We identified 62 out of 602 features as relevant in the RF model. For the identification, we used two different FI measures and a statistical mixture model approach (see Methods). All relevant features are reported in S1 Table. The highest importance scores were found for age, FT3, FT4, anti-TPO antibodies, goiter, nodules, and thyroid hypoechogenicity in sonography (S1 and S2 Figs). The 62 extracted relevant predictors are distributed across the categories basic patient information (8), information about the general health status (5), thyroid examinations (8), metabolism (9), SNPs (3), socioeconomic status (8), diet (5), immune system (6), hematological and hemostasis parameters (5), hormones (3), and electrolyte levels (2).

Bayesian network analysis

In order to investigate the association patterns of TSH, we complement the RF model with a better interpretable BN. Whereas RFs are optimized with respect to high predictive power alone, BNs are probabilistic models of feature interactions. They allow examining how features are associated and how these associations affect the outcome. Their graphical representation allows for intuitive interpretation, also for non-experts. Based on the methodology described in an earlier study [28], we train a BN, including only those features that were identified as relevant in the RF model. To reduce the network’s complexity, we aggregated highly collinear features to represent them as one single node in the network. The network structure among the resulting 54 nodes, which are reported in S1 Fig, was then learned by a score-based structure learning approach. The final Bayesian network structure (Fig 2) has 128 edges. The nodes sex and age, number of medications taken during the last seven days (medic7d_s0), and hip circumference (som_huef) are hub nodes in the network. Additionally, we identified four different clusters within the network that refer to the categories socioeconomic status, metabolism, hematological and hemostasis factors, and thyroid examinations (S1 Table). The Markov blanket of a node in a BN is the set of directly dependent variables in the network, i.e., those features that are most important to predict a particular variable and have a direct influence on it. The Markov blanket of the TSH level contains the predictors that have also been identified as the most important predictors based on global feature importance in the RF model (FT3, FT4, anti-TPO, low or anechoic thyroid in sonography, thyroid volume, toxoplasma antibodies, age).
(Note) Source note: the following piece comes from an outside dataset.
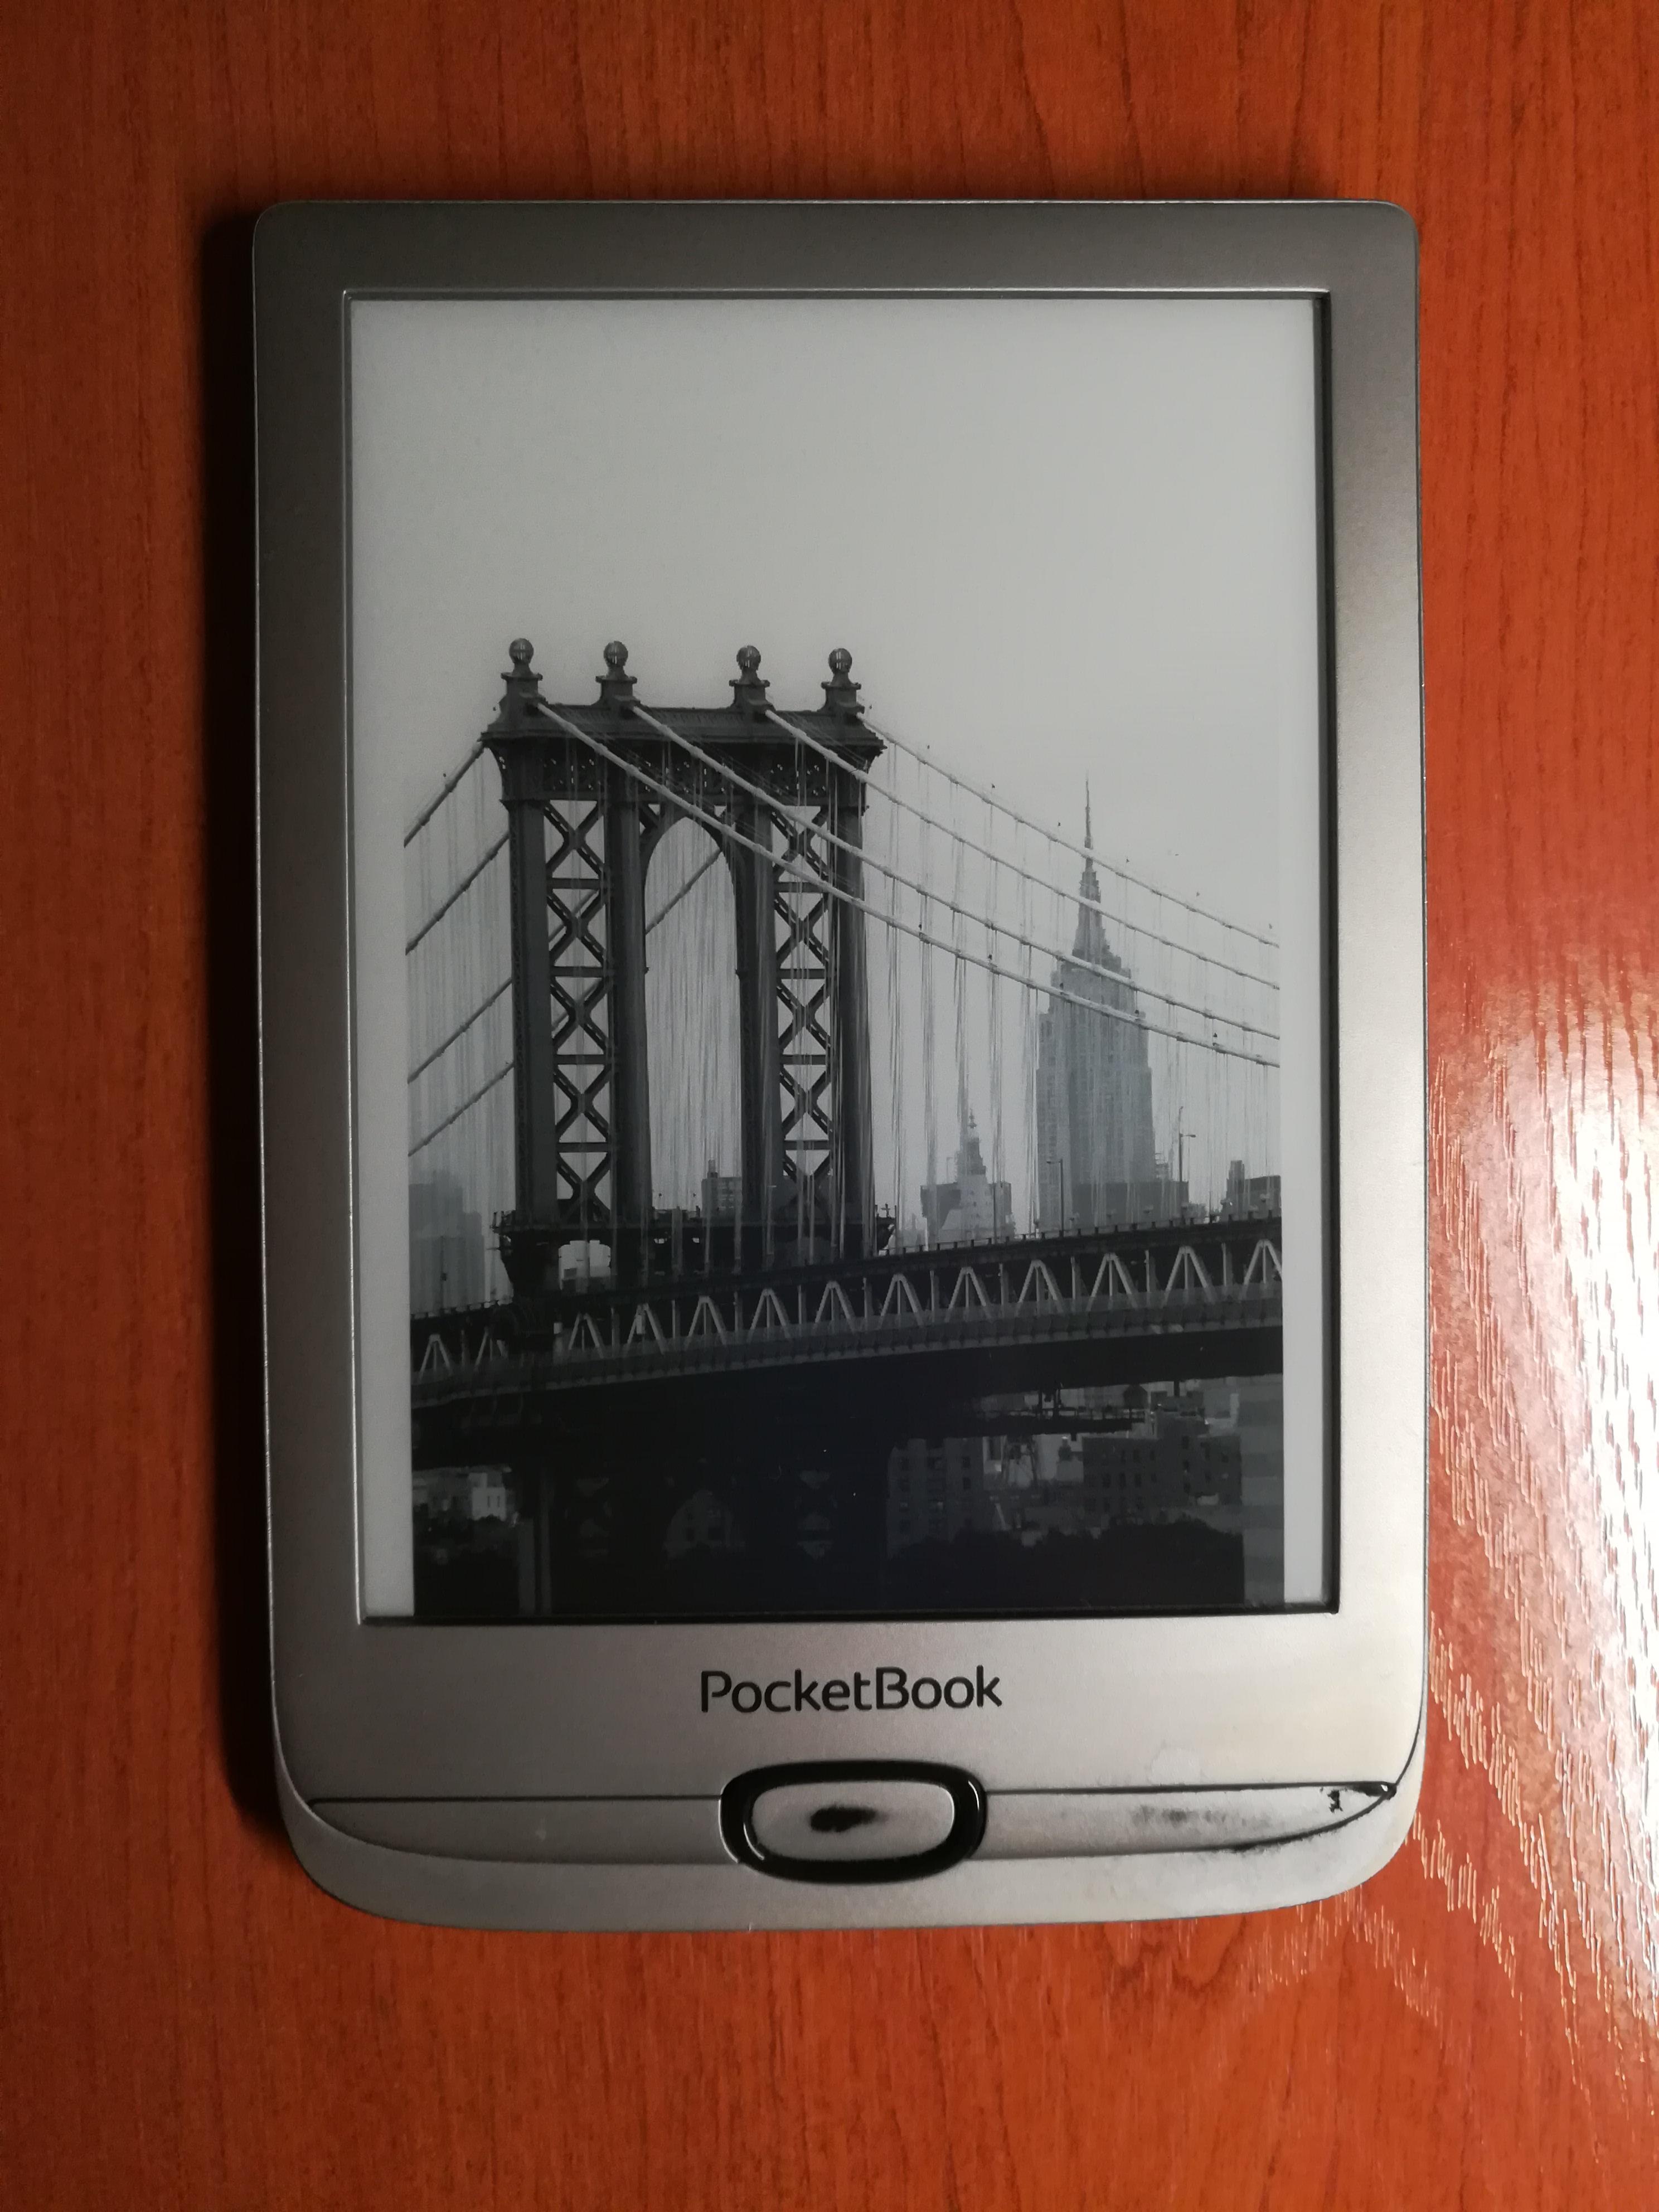 Обзор на электронную книгу Pocketbook 616 Silver Matte. Альтернатива частной библиотеке.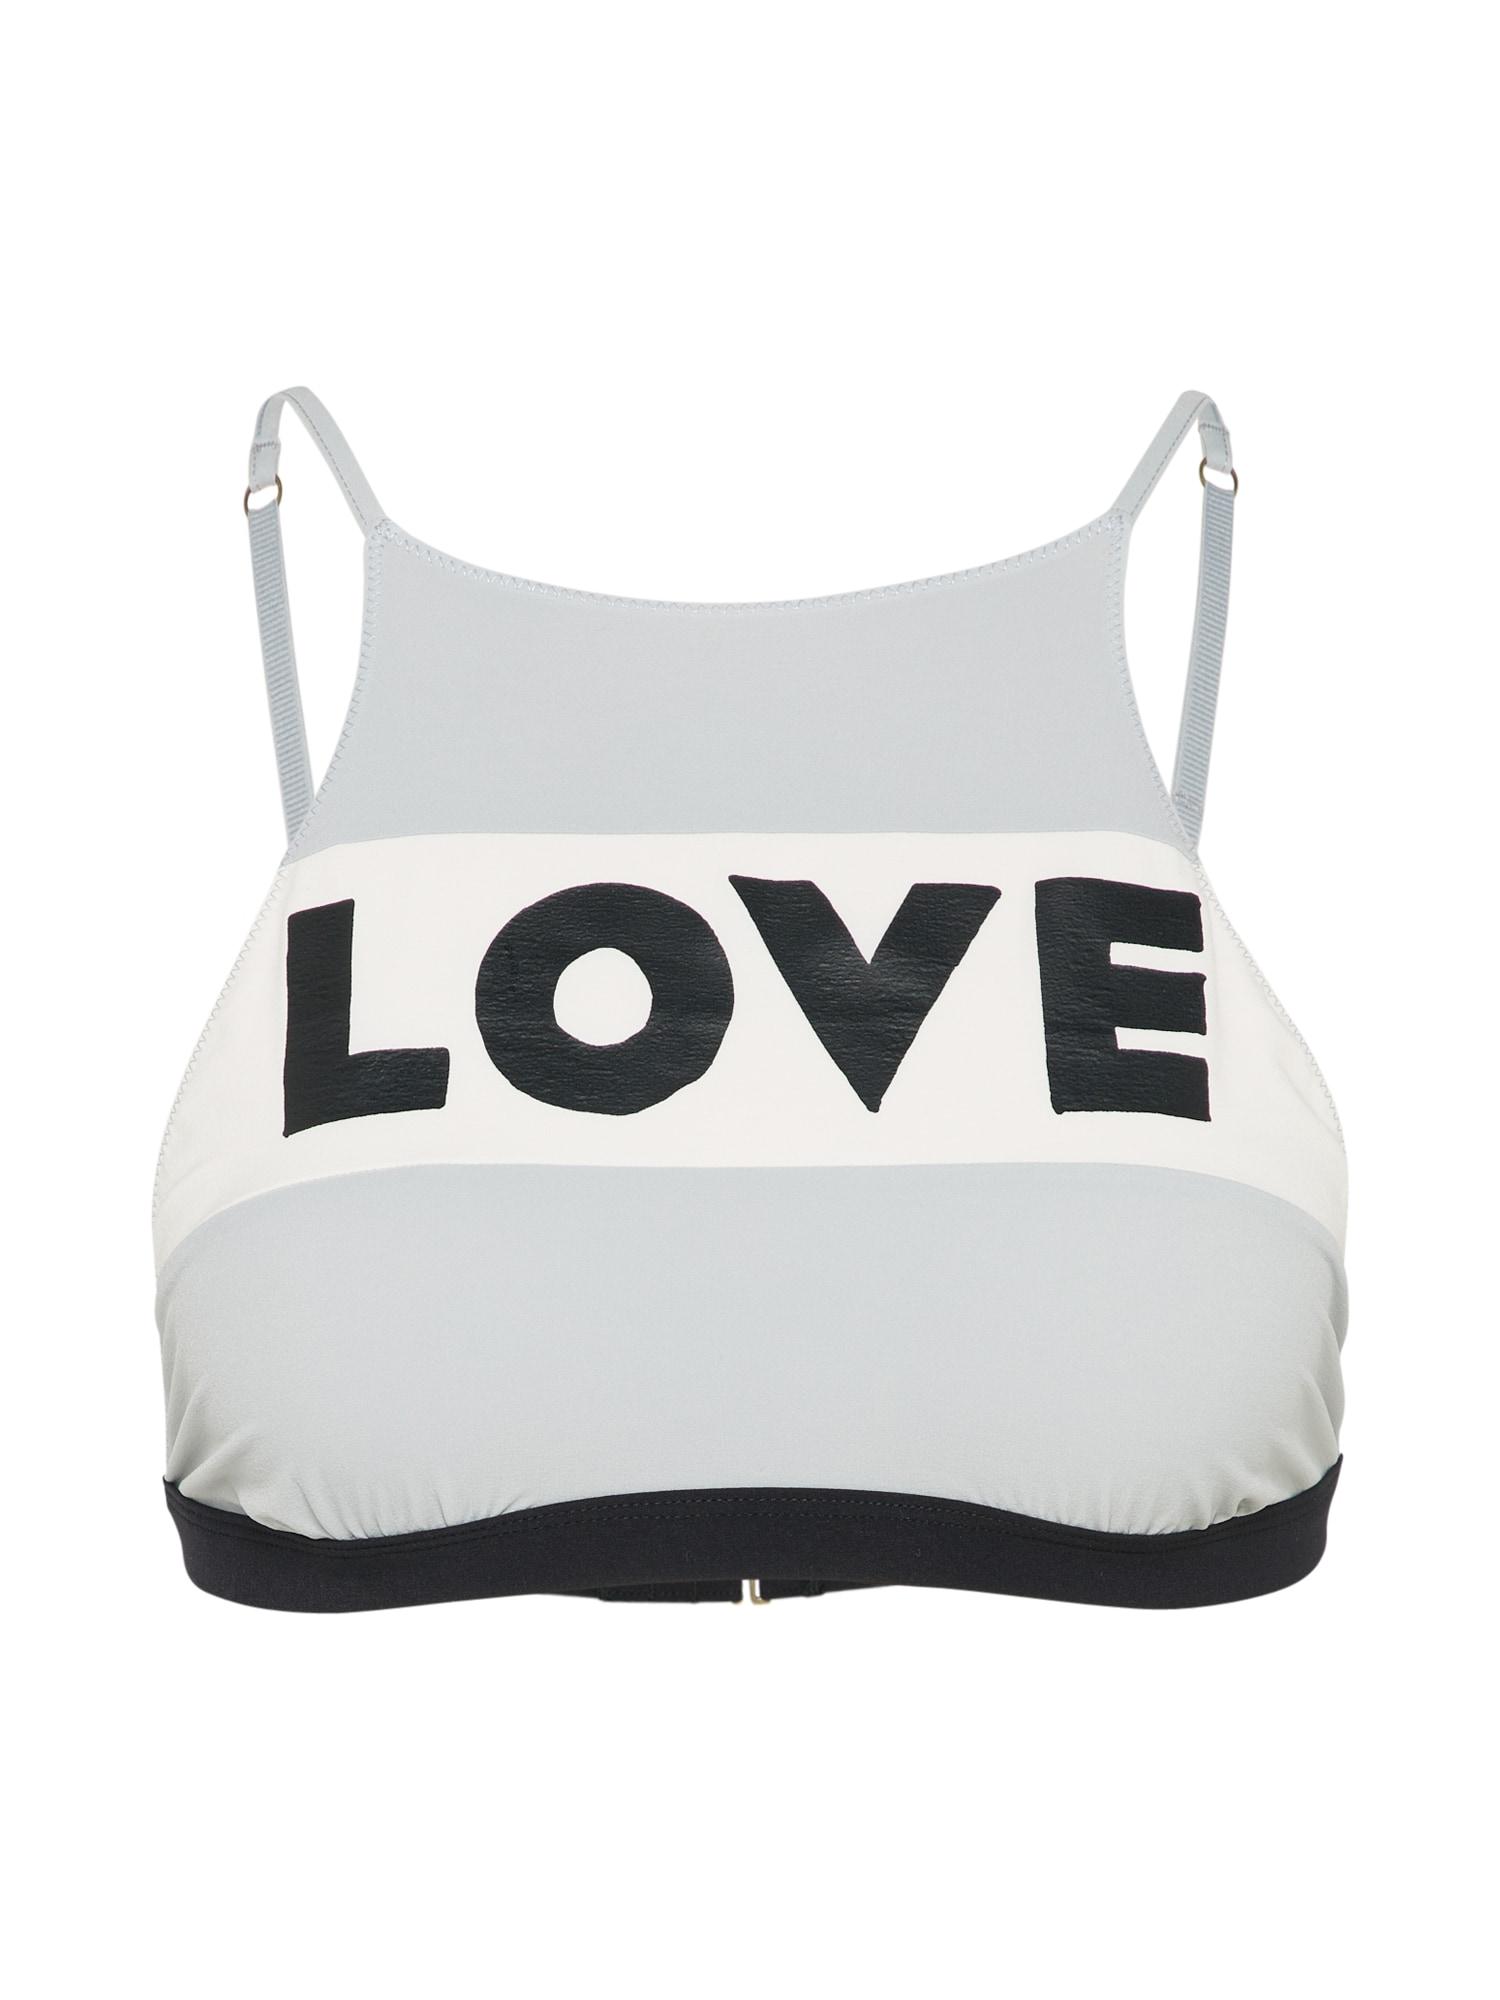 Horní díl plavek Mermaid Bra Bralette šedá černá bílá LOVE Stories

The average Markov blanket size of the whole network is 7.3, showing a relatively strong association among all predictors.

Fig 2. Inferred Bayesian network structure among the extracted relevant predictors and the TSH level.

Fig 2

The four hub nodes, sex, age, medication (taken during the last seven days), and hip circumference are colored in blue. Arcs originating from the hub nodes are plotted in light gray to make the network more readable. The TSH level is colored in dark red, thyroid-related examinations in red. Yellow nodes refer to metabolic factors, green nodes to hematological and hemostasis factors, and grey nodes to socioeconomic parameters. Antibody titer against toxoplasmosis is presented in orange. Further information on the features can be found in S1 Table. The completed partially directed acyclic graph is shown.

The extracted relevant features and their associations reveal broad clinical patterns of thyroid functionality. As expected, the top features include a person’s age and thyroid-specific examinations (FT3 (node ID 18), FT4 (node ID 19), anti-TPO (node ID 14), and sonography results (node IDs 13 and 16), see S1 Table). The strong association of these features with the individual TSH level is also reflected by their closeness in the BN (nodes colored in red, TSH is dark red, Fig 2).

In addition to age, the set of relevant features includes a set of further general patient information and clinical measures (e.g., sex, body height, hip circumference, heart rate, blood pressure) as well as measures describing the health status of a person (number of doctoral visits, subjective physical and mental health, medication; node IDs 1–12). As expected, sex and age influence nearly every other feature; they are hub nodes in the Bayesian network, as are the amount of medication and hip circumference (blue nodes, Fig 2).

Moreover, eight of the 62 relevant features describe a person’s socioeconomic status and are related to occupation, education, or family status (node IDs 28–32). The BN shows that they are closely tied to a person’s age and health status so that their influence on the TSH level is presumably only indirect (nodes colored in gray, Fig 2).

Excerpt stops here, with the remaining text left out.